Les luttes contemporaines des peuples autochtones du Canada

Publié le : , par  Francine

La journée internationale de solidarité avec les peuples autochtones des Amériques a été décrétée en 1977 par les organisations amérindiennes rassemblées à l’ONU. Il ne s’agit donc pas à proprement parler d’une Journée décrétée par les Nations Unies, mais elle est célébrée dans de nombreux pays du monde. Elle entend commémorer le souvenir des peuples qui occupaient le continent américain avant sa colonisation par les Européens, aussi bien en Amérique du Sud qu’en Amérique du Nord.
Ce dossier aborde à l’occasion de cette journée la question des luttes contemporaines des peuples autochtones du Canada.

Les populations autochtones du Canada.

Au Canada, en 2011, plus de 1,4 million de personnes soit plus de 4%de la population s’auto-déclarent autochtones. Selon la loi constitutionnelle, les peuples autochtones [1] sont composés des Amérindiens qui sont majoritaires et appelés Premières Nations, des Métis et des Inuits. Les Premières Nations, ce sont plus de 50 nations différentes réparties sur tout le territoire.

Faire reconnaître les droits territoriaux.

Les peuples autochtones se sont battus pour préserver leur identité et affirmer leurs droits sur leurs territoires dès le début de la colonisation mais ce n’est que dans les années 60-70 que les revendications territoriales des communautés autochtones se sont multipliées. Les communautés autochtones du Nord canadien (territoires du Nord-Ouest et du Yukon, Colombie britannique) n’ont jamais officiellement cédé leurs droits ancestraux. Or, ces vastes régions, longtemps réservées au commerce des fourrures, renferment des gisements de matières premières (nickel, fer au Labrador, par exemple) et de ressources énergétiques ( pétrole, gaz en Alberta entre autres) que l’État veut exploiter. Des droits d’usage et des concessions sont ainsi accordées aux multinationales sans que les populations autochtones aient été consultées. Elles dénoncent ces accaparements de terres ancestrales, cette exploitation des richesses de leurs territoires comme une atteinte à leurs droits ancestraux, qui ont été pourtant reconnus par la constitution de 1982.

Une politique gouvernementale pour les territoires contestée.

Pour résoudre ces revendications territoriales, le gouvernement fédéral a mis en place à partir des années 70 une nouvelle politique : la politique des revendications territoriales globales [2]. Il décide de négocier avec les autochtones concernés un accord dont l’objectif est l’extinction de tout droit autochtone sur les territoires concernés. En contrepartie les autochtones reçoivent des allocations territoriales limitées, le droit de continuer la chasse et la pêche dans des zones bien définies ainsi qu’une compensation financière. A titre d’exemple, l’accord signé avec les Innus du Labrador leur reconnaît un territoire de 12950 km2 ainsi que des redevances sur l’exploitation des ressources et les installations hydroélectriques.
Pour l’année 2015, le gouvernement fédéral a déjà réglé 26 revendications territoriales globales. Des litiges ont été résolus mais les autochtones concernés ont perdu certains droits sur leur territoire. De plus, les droits concédés quant au maintien de leur mode de vie traditionnel fondé sur la chasse et la pêche perdent leur valeur en raison des dégâts écologiques causés par les multinationales.

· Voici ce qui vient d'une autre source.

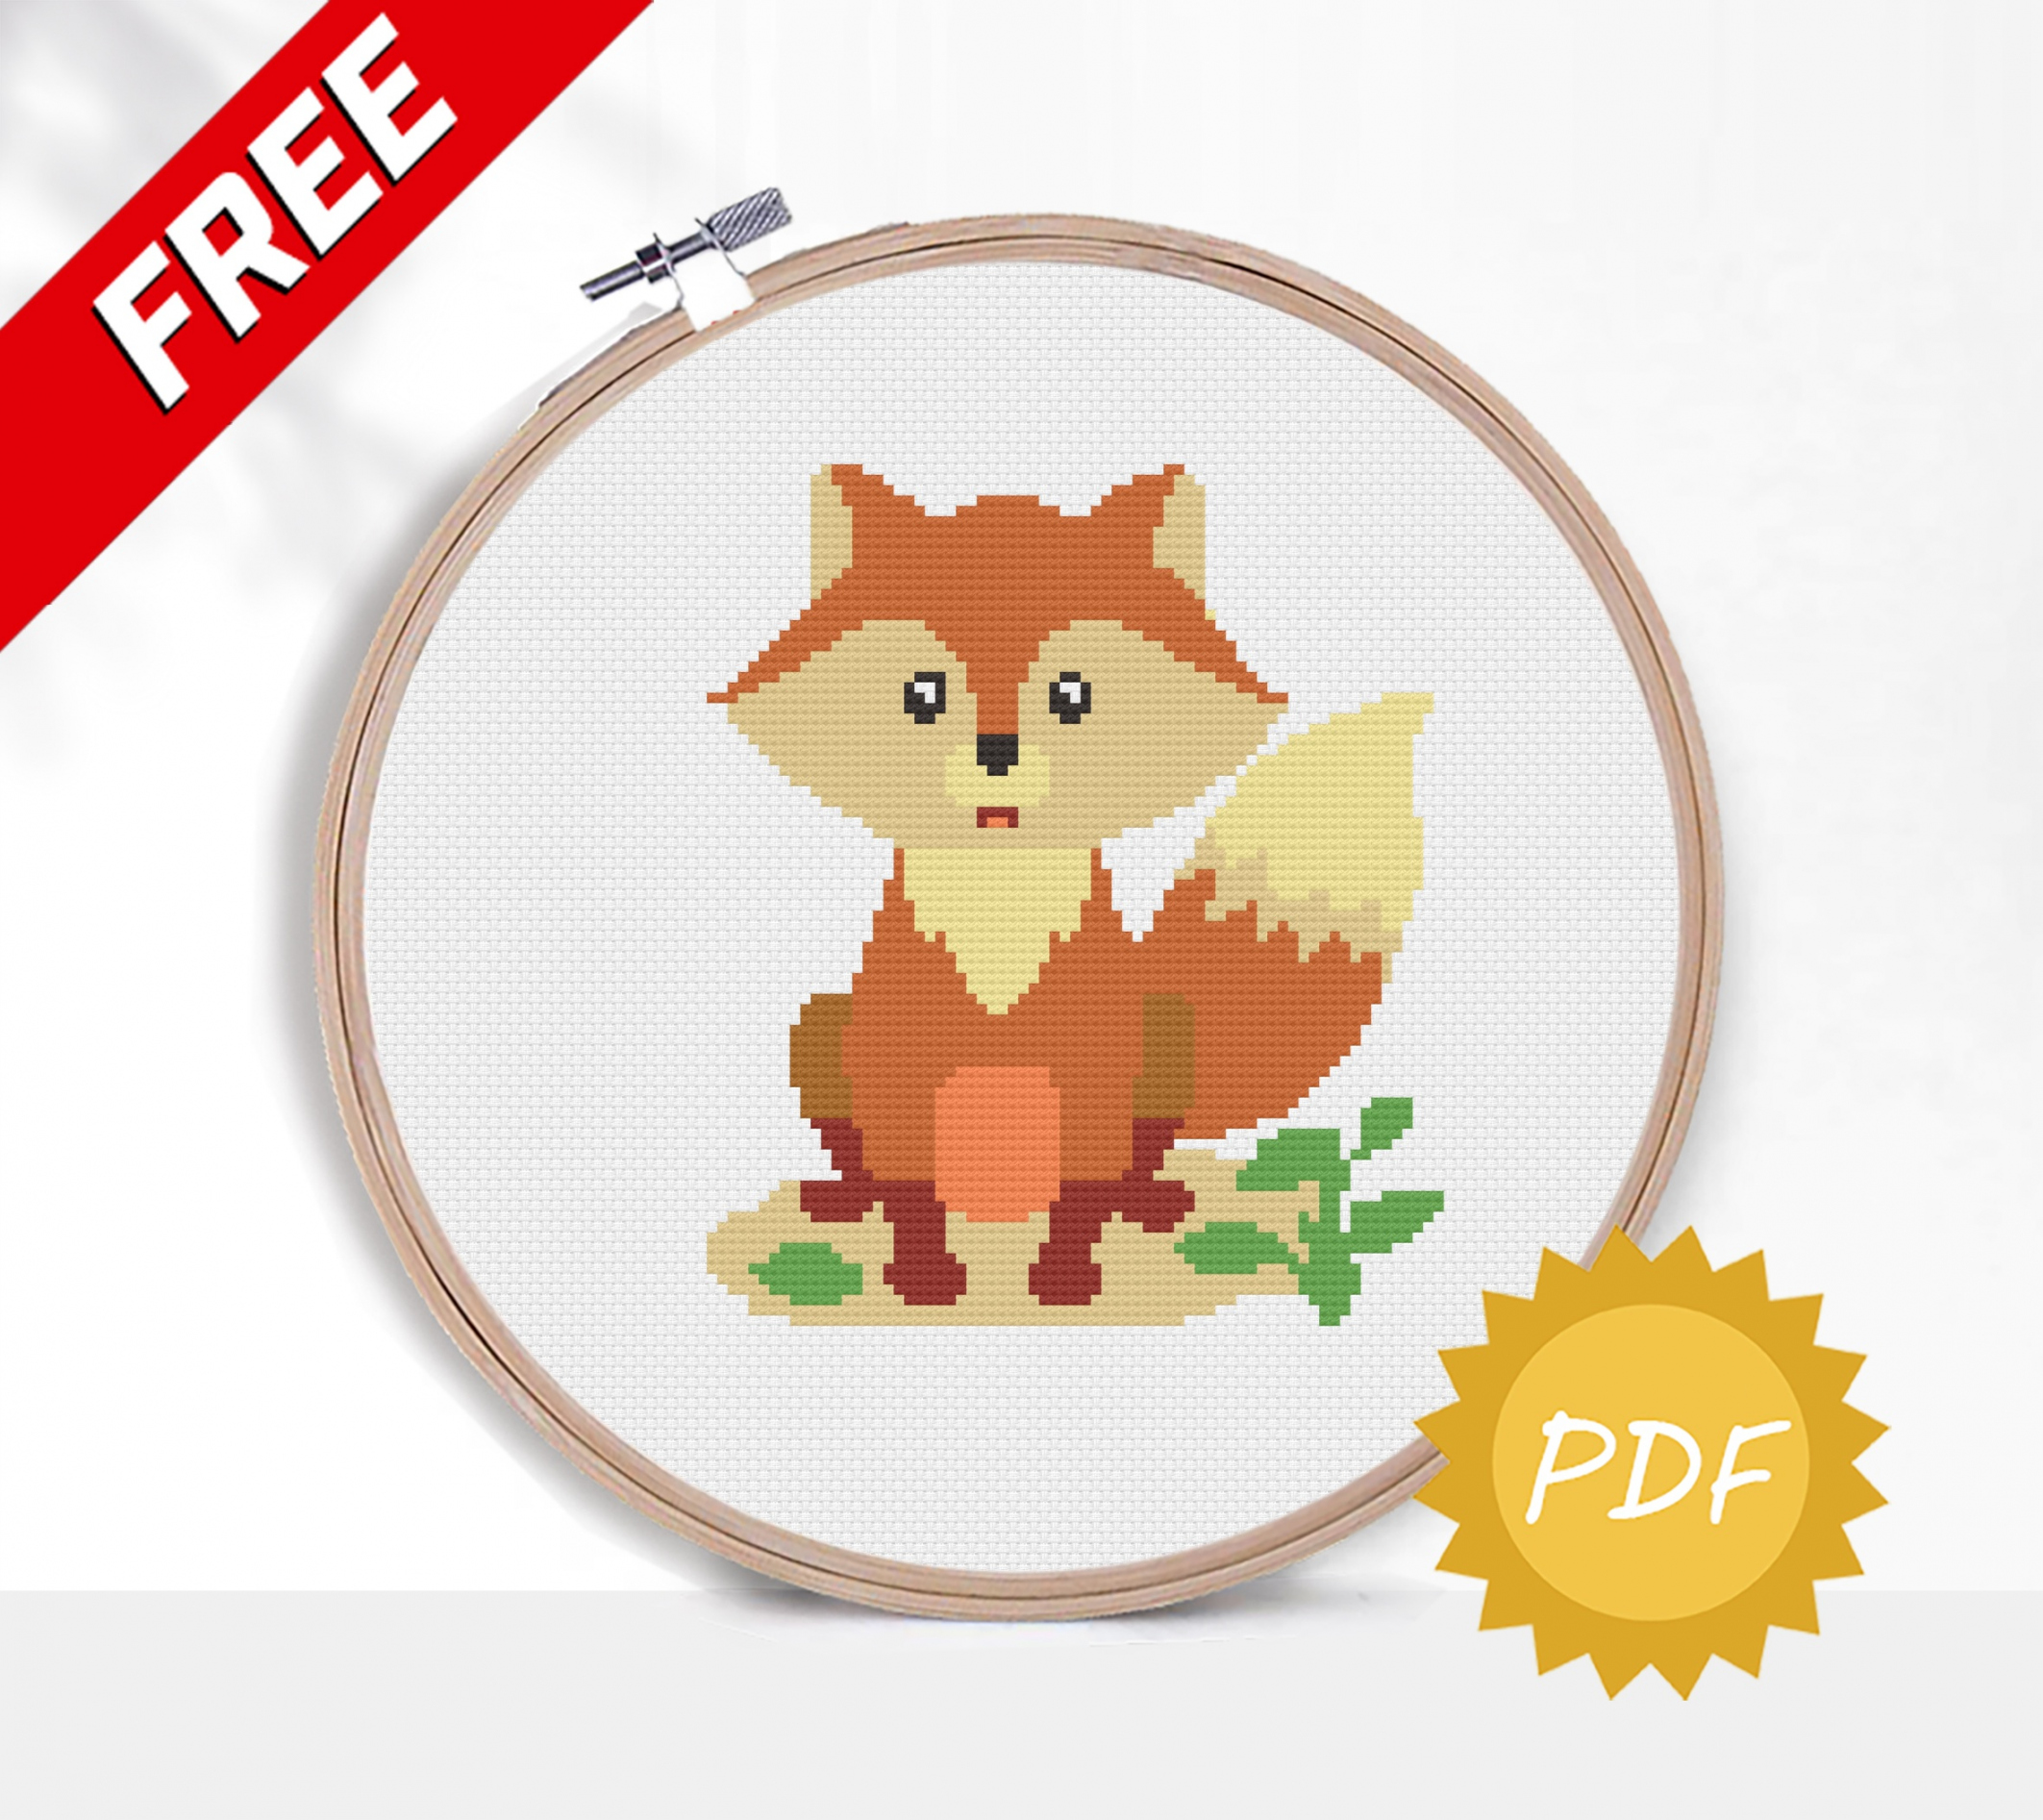 Free Printable Cross Stitch Patterns - Printable - FREE cross stitch animal pattern: Fox - Cheering Studio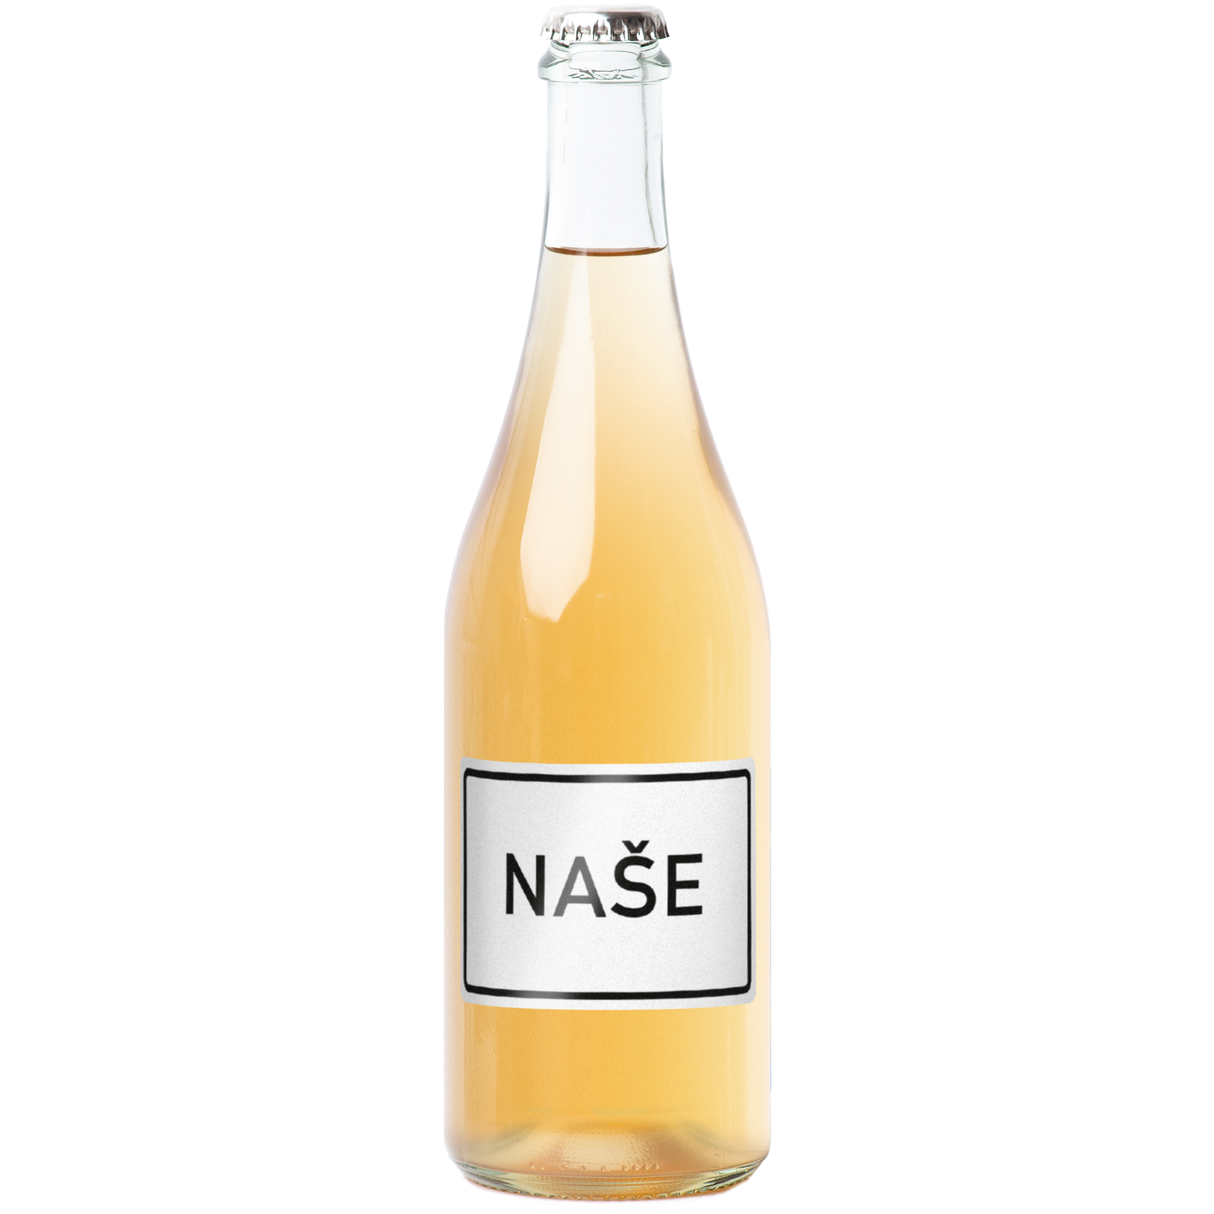 Milan Nestarec Nase Sparkling Morava - Grain & Vine | Natural Wines, Rare Bourbon and Tequila Collection

Des revendications pour le droit à l’autonomie gouvernementale.

Les autochtones ont également des revendications politiques : ils considèrent que le droit à l’autonomie gouvernementale fait partie de leurs droits ancestraux reconnus par la constitution de 1982 et par certains documents internationaux.
Les tentatives faites par l’assemblée des Premières Nations composée des chefs des
communautés autochtones pour que le droit inhérent à l’autonomie gouvernementale soit reconnu explicitement dans la constitution dans les années 1980-1990 ont échoué. En revanche, plusieurs communautés autochtones ont obtenu différents degrés d’autonomie dans le cadre du processus de revendications territoriales ou d’ententes négociées avec l’État. L’accord définitif Nisga’a reconnaît à cette communauté le droit de s’autogouverner à l’intérieur des 2019 km2 de la vallée de la Nas ; cela inclut le droit de gérer leurs biens et leurs ressources ainsi que celui d’édicter des lois concernant la citoyenneté, leur langue et la culture nisga’a. Mais la pleine autonomie qui leur permettrait de se prendre en mains et de contrôler leur destinée leur fait encore défaut.

Des droits remis en cause, un mouvement d’ampleur nationale.

Ces droits territoriaux et politiques ont notamment été remis en cause par deux lois omnibus du gouvernement Harper qui contiennent des restrictions sans précédent des droits autochtones sur leurs terres et leurs ressources : elles visent, entres autres, à en garantir l’accès aux investisseurs étrangers. Ces deux lois ont entraîné un vaste mouvement de révolte des autochtones appelé Idle No More (Fini l’inaction) qui a pris une ampleur nationale, et a obtenu de nombreux soutiens d’organisations canadiennes et internationales. Il dénonce, outre les deux lois omnibuset leurs conséquences, les conditions de vie dans certaines réserves : logements surpeuplés, taux de chômage supérieur à la moyenne, points d’eau limités, espérance de vie inférieure à la moyenne, alcoolisme très répandu...

Vers un mouvement de transformation sociale pérenne ?

Malgré la reconnaissance de certains de leurs droits qui ont été longtemps niés, les autochtones restent cependant globalement défavorisés et ce mouvement a le mérite de les rassembler dans une même lutte. Pour autant, la grande complexité de la réalité autochtone (six cent dix-sept bandes [3] aux intérêts divergents et aux acquis juridiques différents), interroge sur la possibilité de faire de ce mouvement de contestation un mouvement de transformation sociale pérenne, qui irait au-delà de l’opposition au gouvernement Harper.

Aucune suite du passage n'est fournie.